Execute install script
./install.sh <env>
Timeouts and race conditions
Context Deadline Exceeded
: This just happens sometimes, usually resolved by rerunning the install script.
Key Management Service Duplicate Resource
This is usually caused by a problem with tfstate, it can't be immediately fixed because Amazon Key Management Service objects have a 7-day waiting period to delete.
The workaround is to change/add a name
var to the tfvars (ie jupyerhub-on-eks-2
)
Mark the existing KMS for deletion. You will need to assume the AWS IAM Role used to create it (ie JupyterhubProvisioningRole
)
Show config of current jupyterhub deployment
Warning: This is the fully templated jupyterhub. Be careful not to expose secrets.
helm get values jupyterhub -n jupyterhub
Route the Domain in Route 53
In Route 53 -> Hosted Zones -> <jupyterhub_domain> create an A
type Record that routes to an
Alias to Network Load Balancer
. Set the region and the EXTERNAL_IP of the service/proxy-public
Kubernetes object in the jupyterhub
namespace.
This will need to be redone each time the proxy-public
service is recreated (occurs during
./cleanup.sh
).
Changes to variables or the template configuration usually are updated idempotently by running
./install.sh <env>
without the need to cleanup prior.
Prior to cleanup ensure that kubectl and helm are using the appropriate kubeconfig
.
(<name>
is the value name
in terraform.tfvars
.)
aws eks --region us-east-2 update-kubeconfig --name <name-prefix>
Cleanup requires the same variables and is run ./cleanup.sh <env>
.
NOTE: Occasionally the Kubernetes namespace fails to delete.

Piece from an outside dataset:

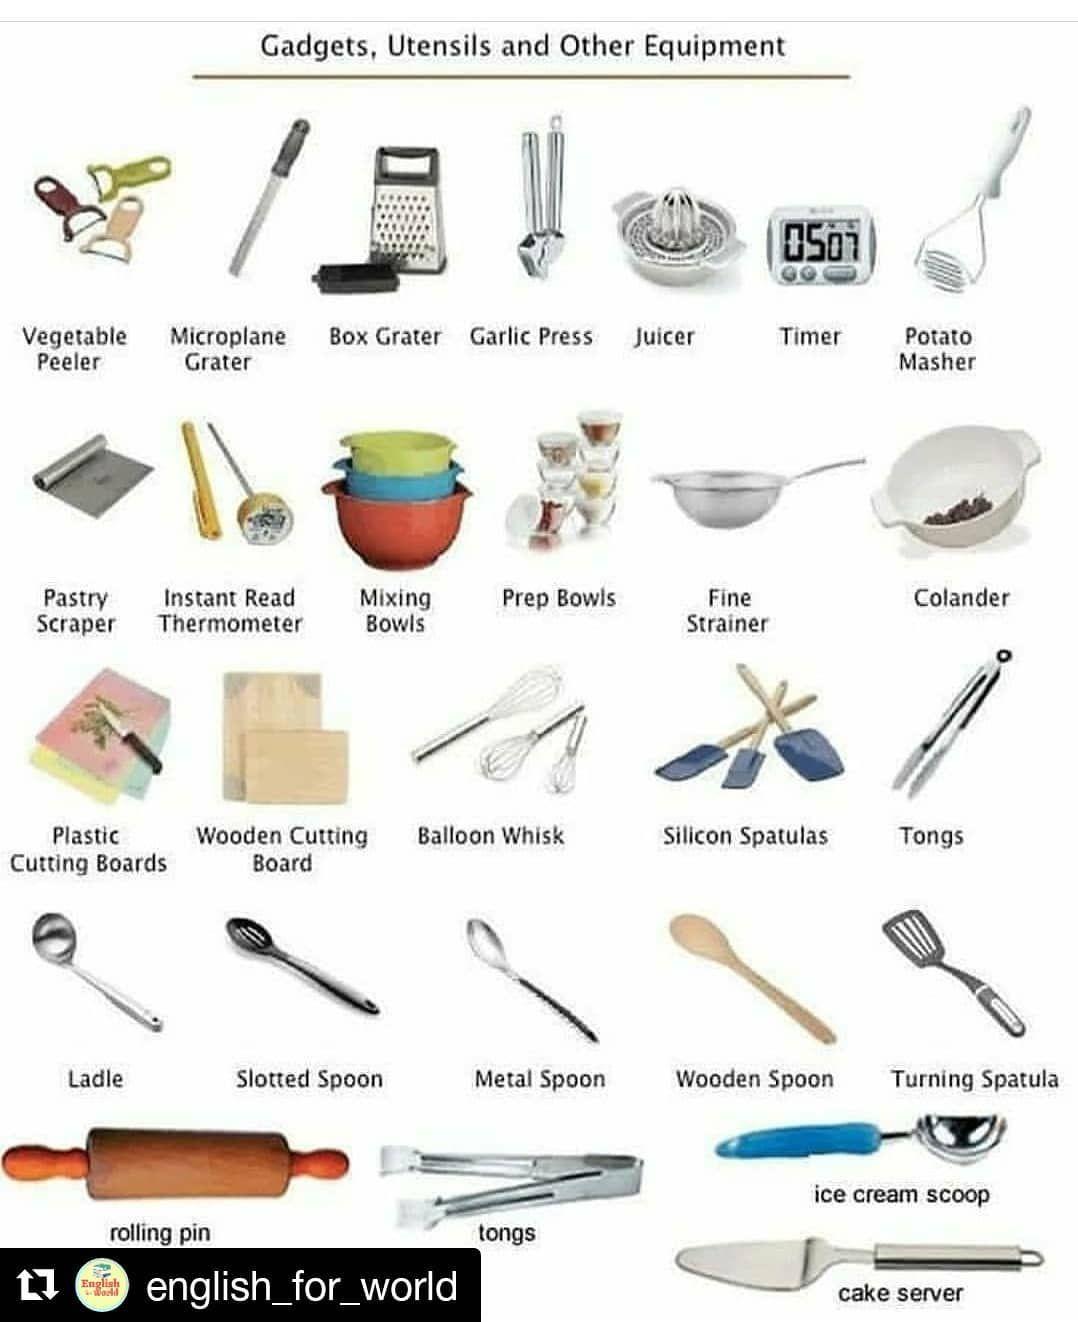 English Grammar Vocabulary On Instagram Repost English For World Get Repost Follow E Kitchen Utensils And Equipment Kitchen Gadgets Kitchen Utensils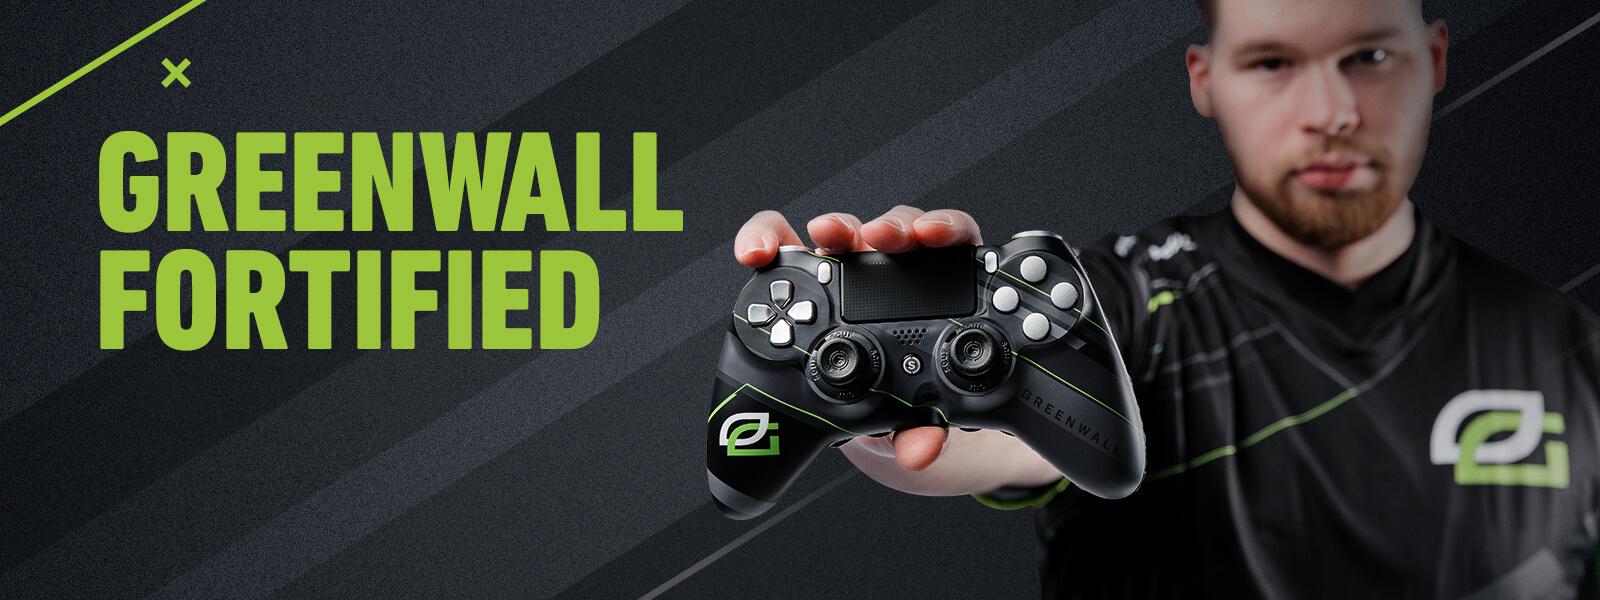 Optic Gaming - Greenwall Fortified

WARNING: Sometimes AWS VPCs are left up due to an upstream Terraform race condition and must be deleted by hand (including hand-deleting each nested object).
terraform destroy -target=module.eks_data_addons.helm_release.jupyterhub -auto-approve
will
destroy all the jupyterhub assets, but will leave the EKS and VPC infrastructure intact.
Add the user/IAM to mapUsers
.
kubectl edit configMap -n kube-system aws-auth
apiVersion: v1
data:
mapAccounts: <snip>
mapRoles: <snip>
mapUsers: |
- groups:
- system:masters
userarn: arn:aws:iam::<acct_id>:user/<iam_username>
username: <iam_username>
kind: ConfigMap
metadata:
name: aws-auth
namespace: kube-system
These are the options for user-facing machines that run as a pod on the node, and they are configured in profileList
in dandihub.yaml
.
Each profile can have multiple user-facing profile_options
including images
.
These are the EKS machines that may run underneath one or more user-hub pods, and they are configured via Karpenter.
The node pools are configured in addons.tf
with karpenter-resources-*
objects.
The configuration for the machines that run the autoscaling and monitoring layer is eks_managed_node_groups
in main.tf
.
Kubernetes version is controlled via the terraform variable eks_cluster_version
, the default is
in versions.tf
, but each deployment can specify their own value in their tfvars
.
These objects are created by z2jh.
https://z2jh.jupyter.org/en/stable/
kubectl get all -n jupyterhub
Notable objects:
pod/hub-23490-393
: Jupyterhub server and culler podpod/jupyter-<github_username>
: User podpod/user-scheduler-5d8b9567-26x6j
: Creates user pods. There are two; one has been elected leader, with one backup.service/proxy-public
: LoadBalancer, External IP must be connected to DNS (Route 53)
pod/karpenter-75fc7784bf-cjddv
responds similarly to the cluster-autoscaler.
When Jupyterhub user pods are scheduled and sufficient Nodes are not available, Karpenter creates a NodeClaim and then interacts with AWS to spin up machines.
nodeclaims
: Create a node from one of the Karpenter Nodepools. (This is where spot/on-demand is configured for user-pods).